Call for Proposals! Tactical Media Reader: Common Tools for Common Struggles

INC Reader #18

Tactical Media Reader

Common Tools for Common Struggles

Edited by Chloë Arkenbout, Tommaso Campagna, Sepp Eckenhaussen and Geert Lovink

Activists, artists, and social movements take on a multitude amount of simultaneous urgencies, from the climate crisis, war, and genocide to housing crises, economic recession, and endemic fake news. We know that these crises are interconnected. There is no global warming without colonialism and no capitalism without patriarchy. Yet, in the complexity of the stack of crises, social struggles often single out a clearly defined issue in which a difference can be made.

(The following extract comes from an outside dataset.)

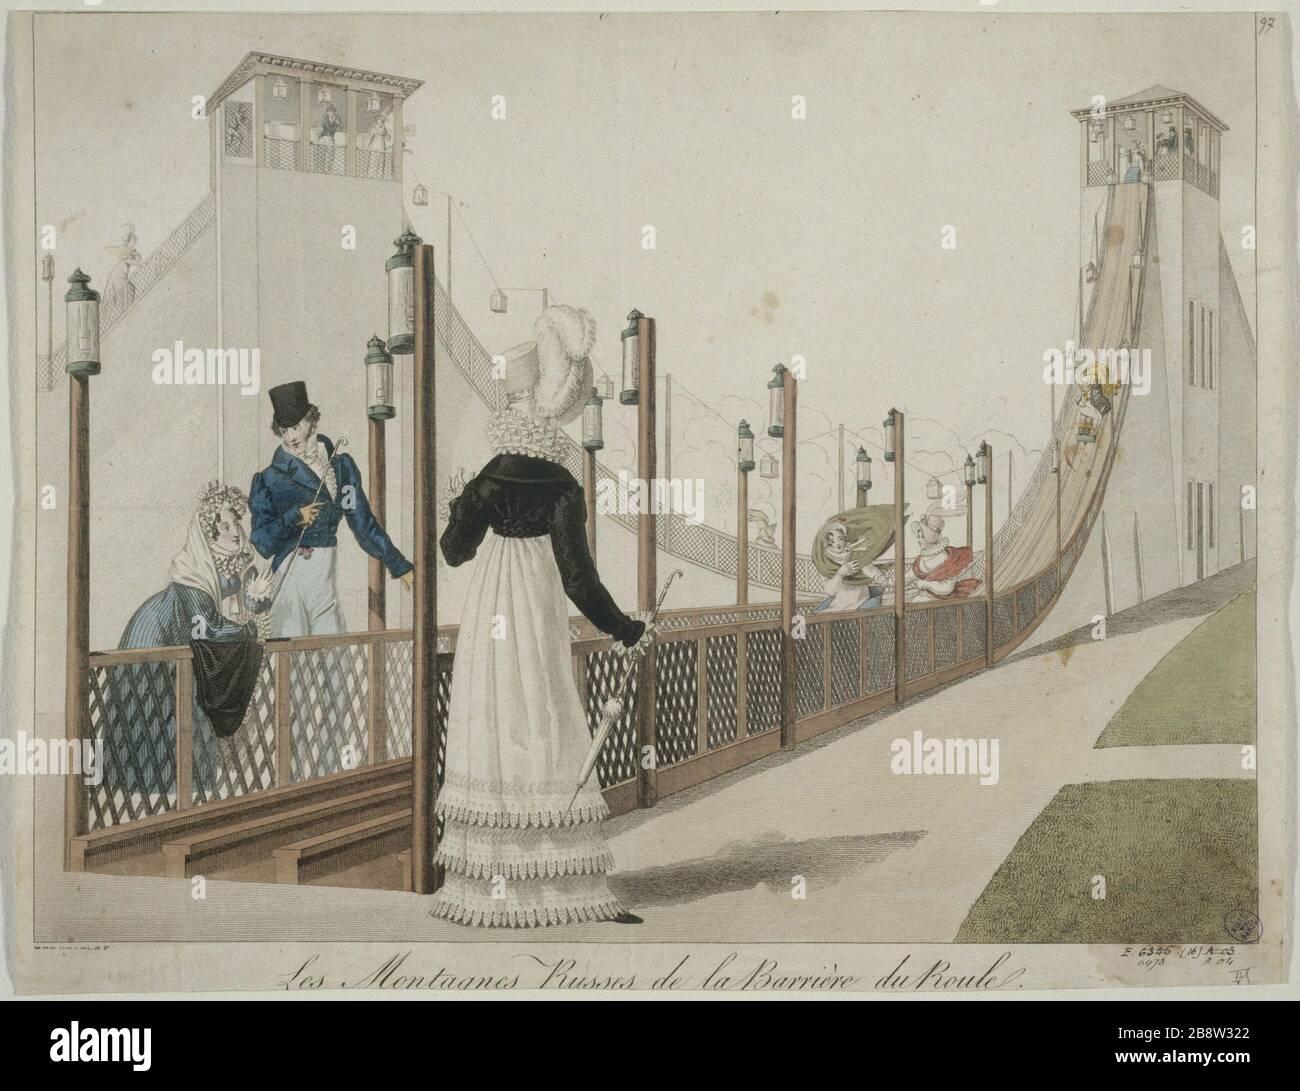 Paris - The Roller Coaster of the Barriere du Roule, current Place des Ternes Les Montagnes Russes de la barrière du Roule, actuelle place des Ternes, Paris (VIIIème arr.). Paris, musée Carnavalet. Stock Photo

In this reader, we will focus on a question that is relevant to all social movements today: how to organize mediated resistance under late (platform) capitalism? Social movements require secure and federated digital tools (social media, coordination channels, publishing infrastructures, repositories, etc.) – for mobilization as well as the development of aesthetics, discourse, and collective memory. But dominant platforms are extractive, restrictive, and often outright repressive… On the other hand, smaller, DIY alternatives, are often fragmented, inaccessible, unstable, short-lived, and thus mostly used by a small group. Communities of organizers, as a result, often don’t manage to share indy infrastructures despite common strategies, tactics, tools, aesthetics, and, most importantly, causes. Despite progress over the past decades in terms of alternatives, we are often still dependent on platforms like Insta, TikTok, YouTube and X. It’s even harder to question the use of Google, Microsoft, and Adobe. Is this also, in part, due to the moral bankruptcy of free software due to its sell-out to Big Tech.

How can we use media in tactical ways today? How do we want to connect music, video, performance, memes, slogans, and visual design and combine it with action and debate, critique, and theory outside of the corporate and state-controlled platforms? Tell us about your seeds, trials, and pilots. How do we like to shape the aesthetics of the techno-social? How can we keep broadcasting glimmers of hope? Is this possible without having to go back to concepts of the past such as community and networks? If we need a diversity of practices and tactics for the many struggles and urgencies we face, can we at least share common (digital) tools? Reacting to this urgency of common tools for common causes, Tactical Media Reader I explores practices and experiments that open up DIY (digital) media tools to multiple communities of activists and counterhegemonic cultural practices.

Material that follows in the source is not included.